In a half-squat position, place the band just below your knees and then step side-to-side towards your right, keeping your knees parallel and hip’s distance apart. Next, stepping laterally towards your left, repeat the motion for a few paces, keeping your weight in your heels by holding a deep squat. Make sure your feet are parallel throughout, and aim to do two sets of 10 sometime during each walk.
Lastly, a good set of insoles will help prevent something called overpronation, said a professor of orthopaedics at Stanford University Dr Michael Fredericson.
Pronation is when the foot rolls inward, usually caused by an arch that is not strong enough to properly support the body’s weight. Those with flatter feet are more likely to experience it.

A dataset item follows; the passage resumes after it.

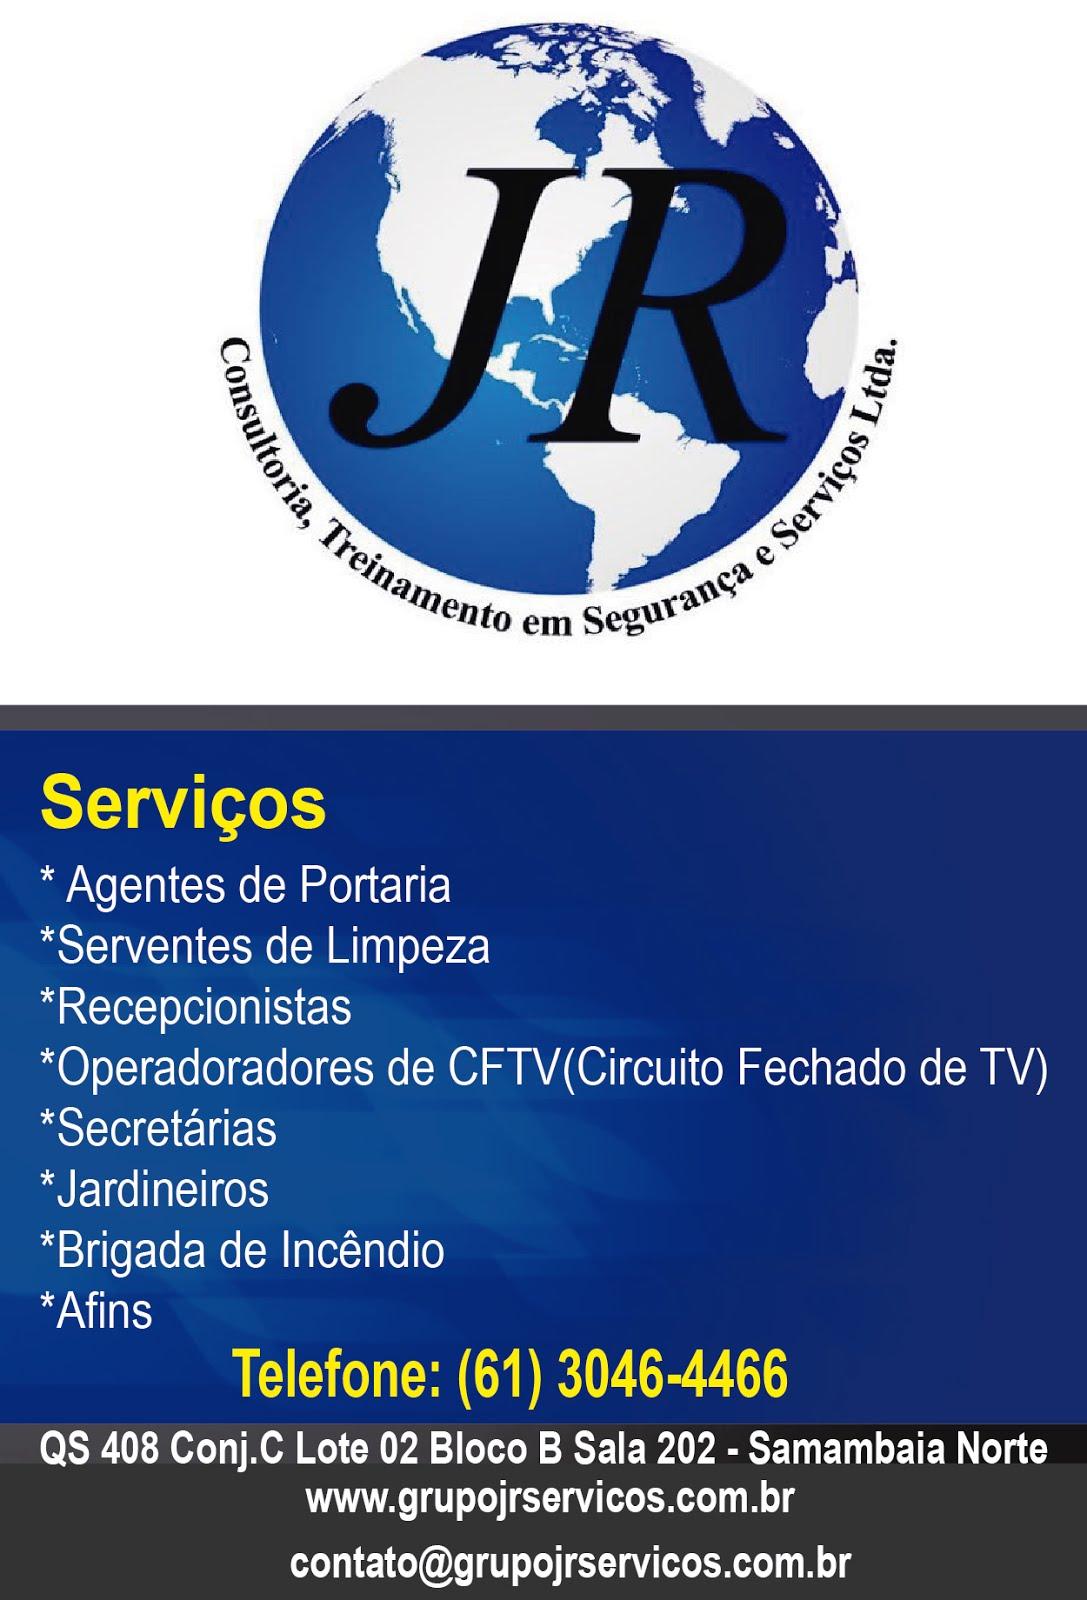 JR CONSULTORIA E TREINAMENTOS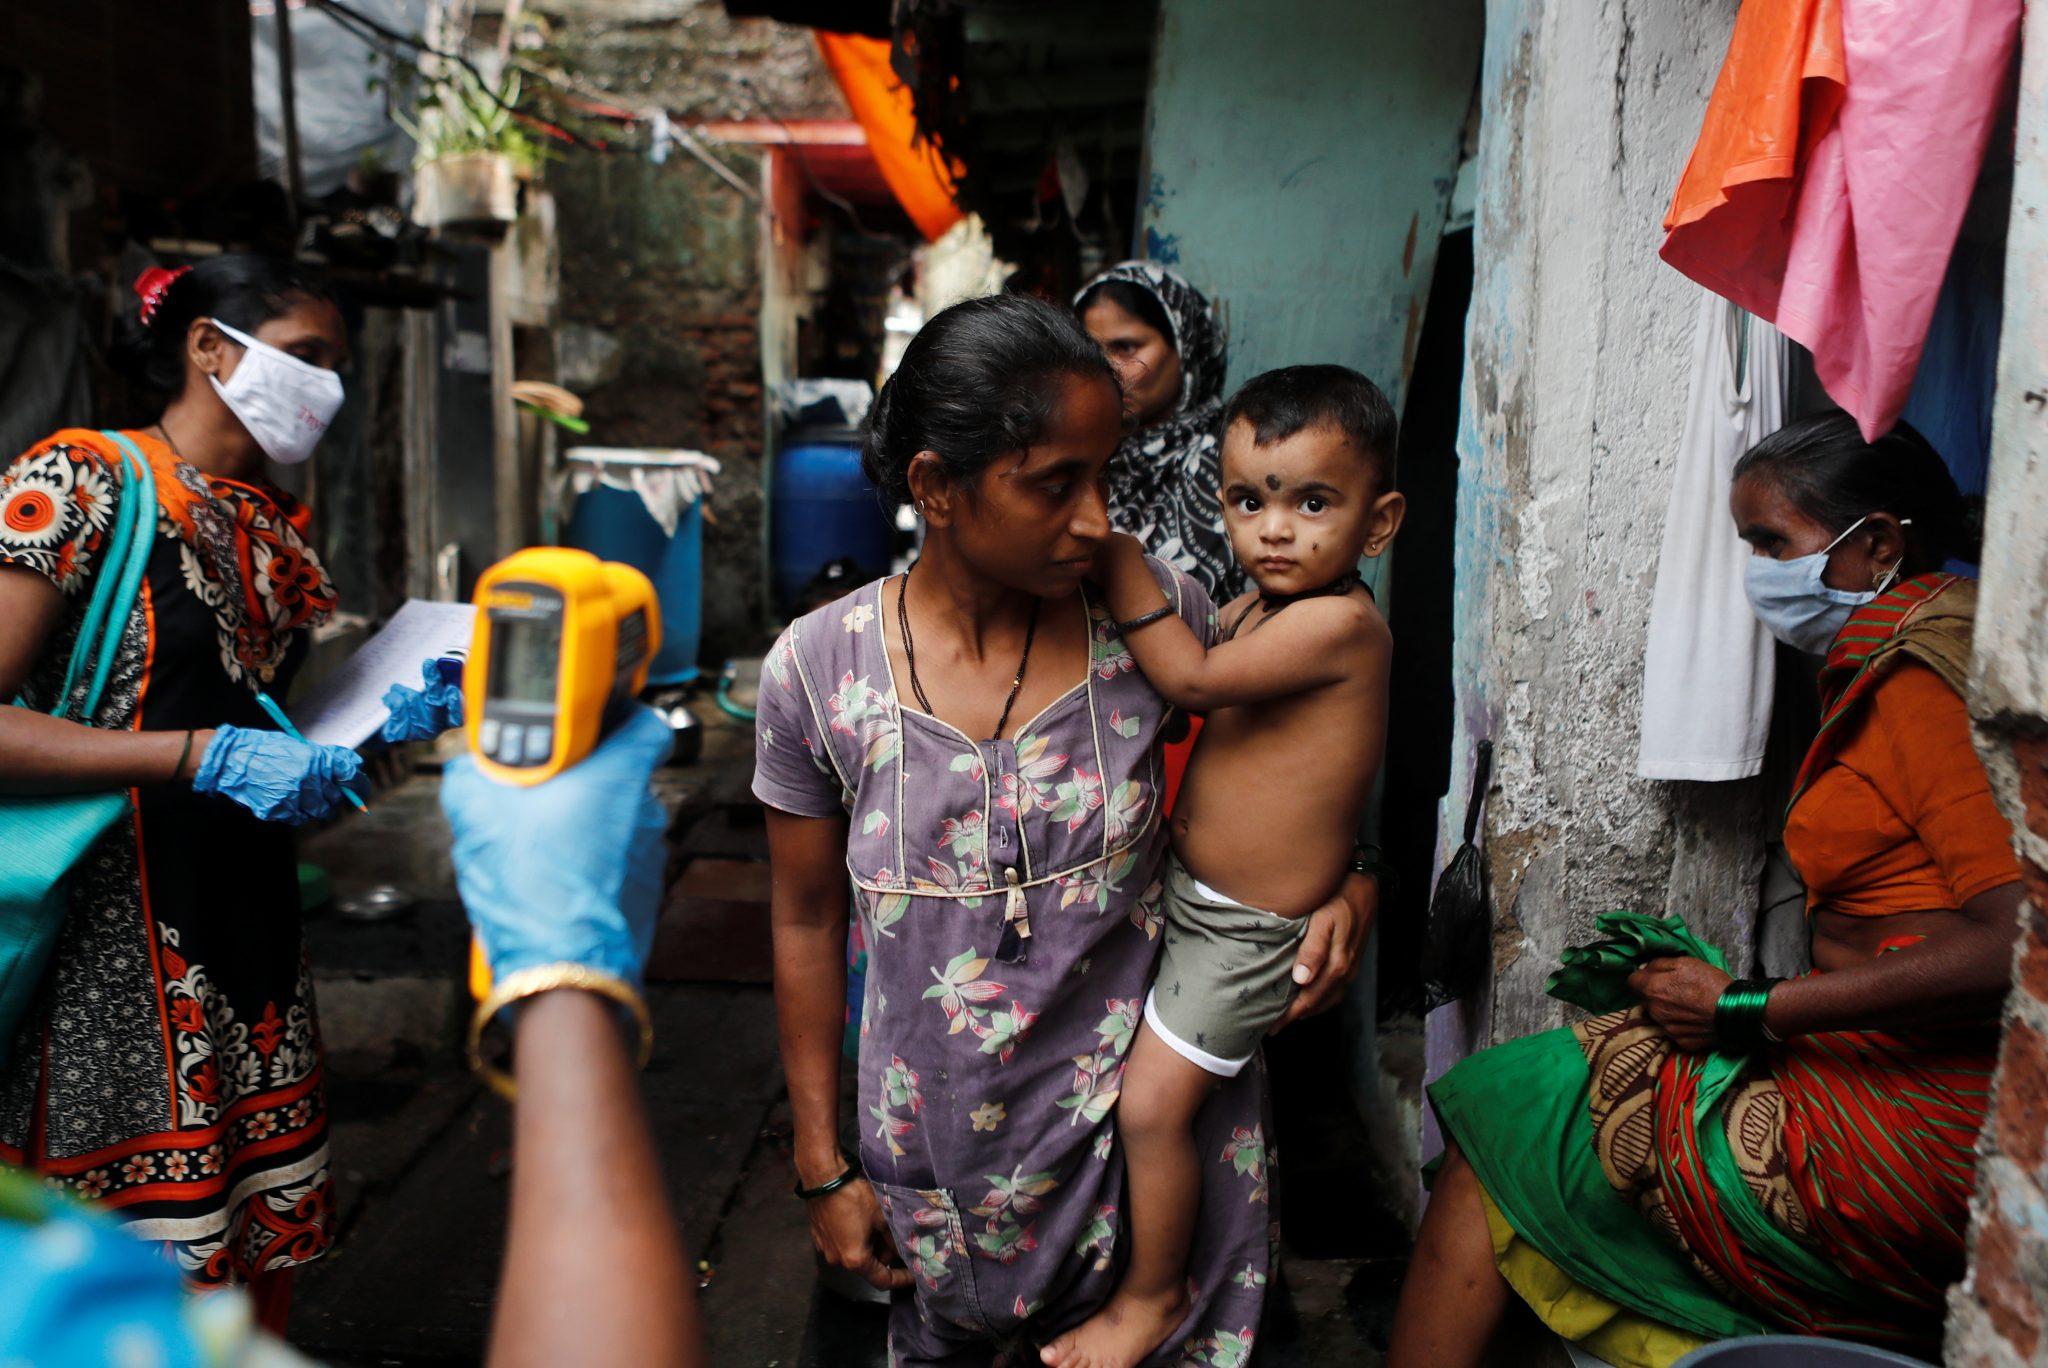 В Индии неизвестный вирус убил 68 человек, 40 из которых дети

Products from brands like Superfeet and SOLE can counteract the most common forms of pronation by supporting the centre of a foot’s arch, Dr Fredericson said. But if you have a more complex issue, he added, a custom orthotic might be needed.
MULTITASK LIKE A PRO
One of the trickiest parts of committing to a daily walking routine is fitting it into an already tight schedule, said an author and the owner of Blue Ridge Hiking Company Jennifer Pharr Davis. But, she said, you can squeeze in extra steps in a surprising number of places. For instance, when picking your children up from school, park six blocks away and walk the rest. Having 10 or 15 minutes to decompress while walking to the car can also help children unwind and get some energy out, she said, adding that “it helps me have some focussed time with my kids.”
Pharr Davis also likes to trade in her Zoom meetings for walking meetings whenever possible, especially with local co-workers. “When your body’s moving, your brain’s stimulated in different ways and you’re more creative,” she said, noting that these moving meet-ups often lead to better conversations among her colleagues.
CRANK UP THE TUNES
Listening to music during a walk or an intense training session has been shown to decrease perceived exertion and increase physical performance, according to a recent meta-analysis. In other words, exercising harder doesn’t feel as strenuous when we turn on our favourite playlists.
Fog-Wiltse added that she saw similar results when her clients engaged in any type of “preferential listening” while working out. “If music’s not your thing, podcasts could do the same,” she said.
EMBRACE THE FARTLEK
Swedish for “speed play”, fartlek workouts use a type of interval training that involves a series of high-intensity bursts with recovery periods between them.
The beauty of the fartlek is that, unlike in traditional high-intensity interval training workouts, walkers or runners don’t have to glue themselves to a watch or a fitness tracker to boost their muscular endurance. Just amp up your gait to a light jog or a power walk for a short stretch to get your heart rate up, slow back down until you feel recovered and repeat.
If you prefer a more structured approach, “start with a 10-minute walking warm-up, then do six to 10 one-minute, faster intervals, each followed by two minutes of easy walking”, said author of 80/20 Running and co-founder of a training company called 80/20 Endurance Matt Fitzgerald. “And then cool down with five to 10 minutes of walking.”
Dividing up your weekly exercise so that 80 per cent of your time is spent at a low intensity and 20 per cent is spent at a moderate to high intensity, much like the training regimens of competitive marathoners, she said, can help everyday athletes get fitter faster.